David Chase and Drea De Matteo break down The Sopranos’ tragic masterpiece “Long Term Parking”

The Sopranos’ creator and star, along with writer Terence Winter and director Tim Van Patten, go deep on the untold story behind season five’s penultimate episode, which centres around one of the most affecting TV deaths of all time
The Sopranos David Chase and Drea De Matteo break down Adriana's death

Major spoilers for the greatest TV show of all time to follow.

Two things will strike you on a rewatch of The Sopranos: a) you’ll notice just how stupidly funny it is, even in its darkest moments – Tony’s heavily slapstick murder of Ralphie Cifaretto springs to mind – and b) you’ll feel the true weight of the darkness at its core, especially as the series marches toward its conclusion. Dramatic moments – Tony and Carmela’s cataclysmic fight in season four’s “Whitecaps”, AJ’s suicide attempt in season six’s “The Second Coming”, Tony gently smothering Christopher to death in season six’s “Kennedy and Heidi” – hit even harder, perhaps because we’re even further endeared to the characters after another 80-odd hours together.

But no arc feels quite as devastating as that of Adriana La Cerva, played by Drea De Matteo. Drafted in as fledgling mafioso Christopher Moltisanti’s girlfriend early in season one, she was one of the few true outsiders in the mob’s orbit. “You couldn’t help but fall in love with her because she was sort of collateral damage,” Sopranos director Tim Van Patten says.

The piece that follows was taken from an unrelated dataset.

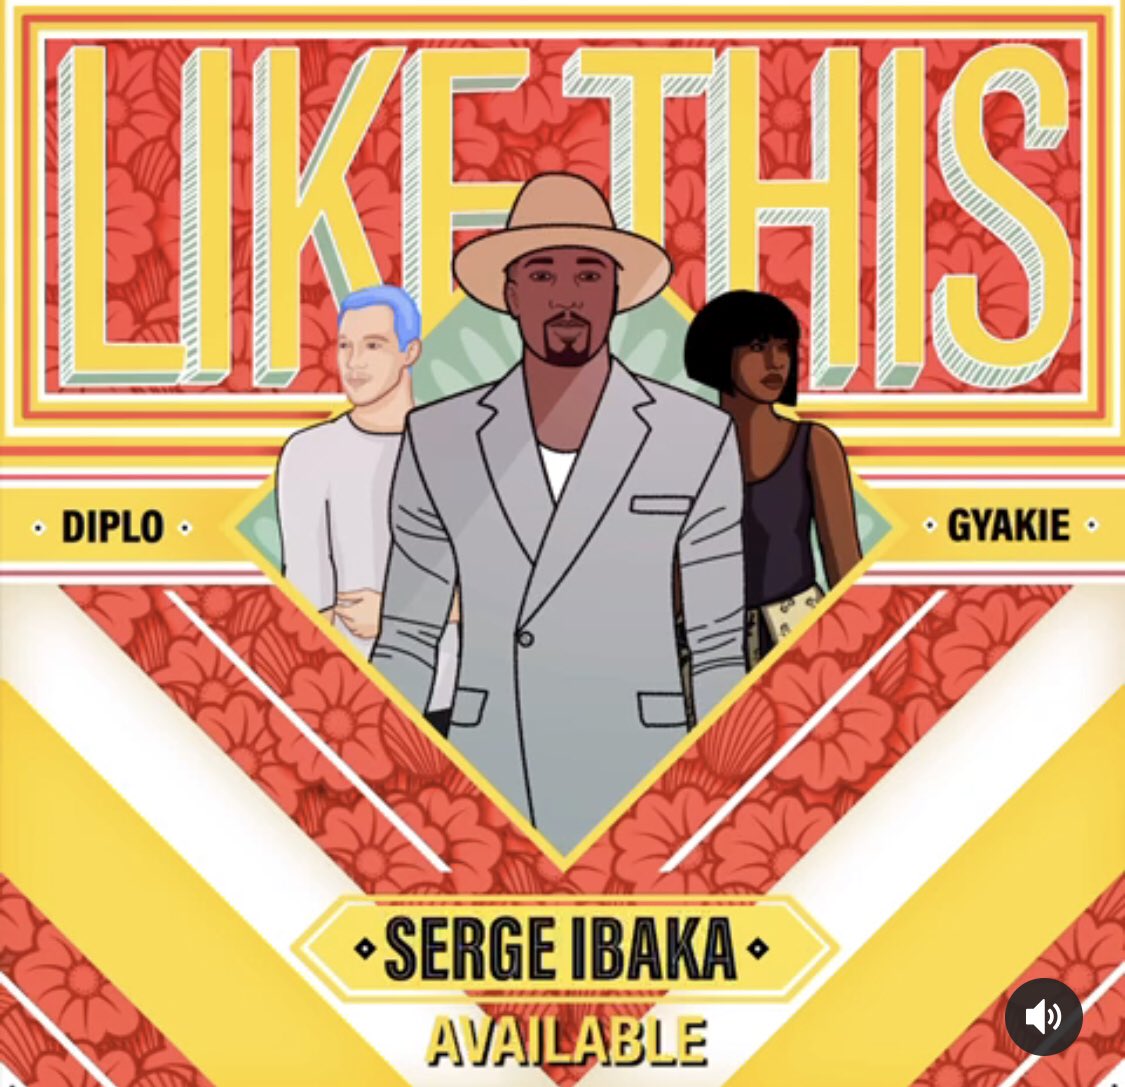 Gyakie featured by NBA Star, Serge Ibaka and Grammy Winner, Diplo on new song

A loveable dumbass, she is perfect prey for the FBI, who enlist her as an informant in season four, and we immediately get that horrible sense of what’s to come.

Adriana’s demise is at the heart of season five’s “Long Term Parking”, an episode often spoken about in reverent tones, alongside season three’s “Pine Barrens”, as perhaps the show’s greatest ever. “Long Term Parking” works so well because it so perfectly teases out Adriana’s death after she confesses her sins to Christopher, leading the audience to believe that she might just make it out of New Jersey alive. But it almost didn't play out like that, writer Terence Winter tells GQ. There was a scene in an early cut where Christopher tells Tony that Adriana is a rat, which was removed from the final version (it appears in a later episode as a flashback instead). “Tim [Van Patten] and I felt really strongly that it should be in there,” Winter says. “We were wrong.”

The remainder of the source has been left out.